With PersistentClient, yes — data is written to the specified directory using SQLite for metadata and HNSW’s native serialization for vectors. The data directory is self-contained and portable. To back up your chromadb database, copy the entire directory. There is no write-ahead log or crash recovery journal, so avoid writes during process crashes, and keep backups of the data directory for production use.

How do I handle multiple users or datasets in one chromadb instance?

Use separate collections per user or dataset. Collections are lightweight — you can create thousands of them. Alternatively, use metadata to tag each document with an owner_id and filter all queries with where={"owner_id": current_user_id}. The collection-per-user approach is simpler and prevents cross-tenant data leakage at the query level. The metadata filter approach uses less disk space when users share a lot of common documents.

Does chromadb integrate with LangChain and LlamaIndex?

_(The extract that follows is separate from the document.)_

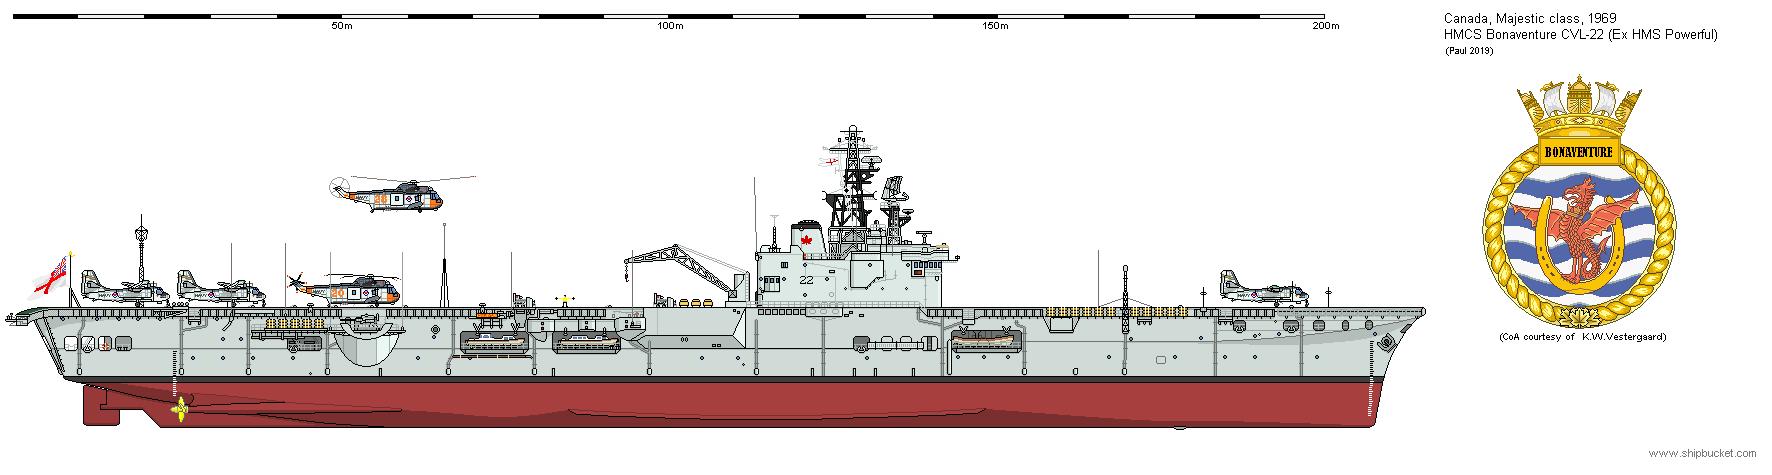 CA CVL22 Majestic Class Bonaventure-1969

Yes, both frameworks have native chromadb support. In LangChain, use Chroma.from_documents(docs, embedding) to create a LangChain vector store backed by chromadb. In LlamaIndex, use ChromaVectorStore from llama_index.vector_stores.chroma. Both frameworks handle the embedding and storage mechanics, letting you use chromadb as the persistence layer while working with the higher-level RAG abstractions those frameworks provide.

Conclusion

Chromadb removes the infrastructure barrier to building vector-search-powered applications. You learned how to create persistent and in-memory clients, add documents with automatic embedding generation, run semantic similarity queries, apply metadata filters to narrow results, update and delete documents with upsert, and build a practical ticket routing system. The zero-configuration local mode makes chromadb ideal for prototyping and small-to-medium production workloads, while the server mode and framework integrations with LlamaIndex and LangChain make it a viable foundation for larger systems.

Extend the ticket router by connecting it to a real issue tracker, adding a feedback loop to improve routing accuracy over time, or using it as the retrieval layer in a full RAG pipeline with an LLM for resolution suggestions. Official documentation: docs.trychroma.com.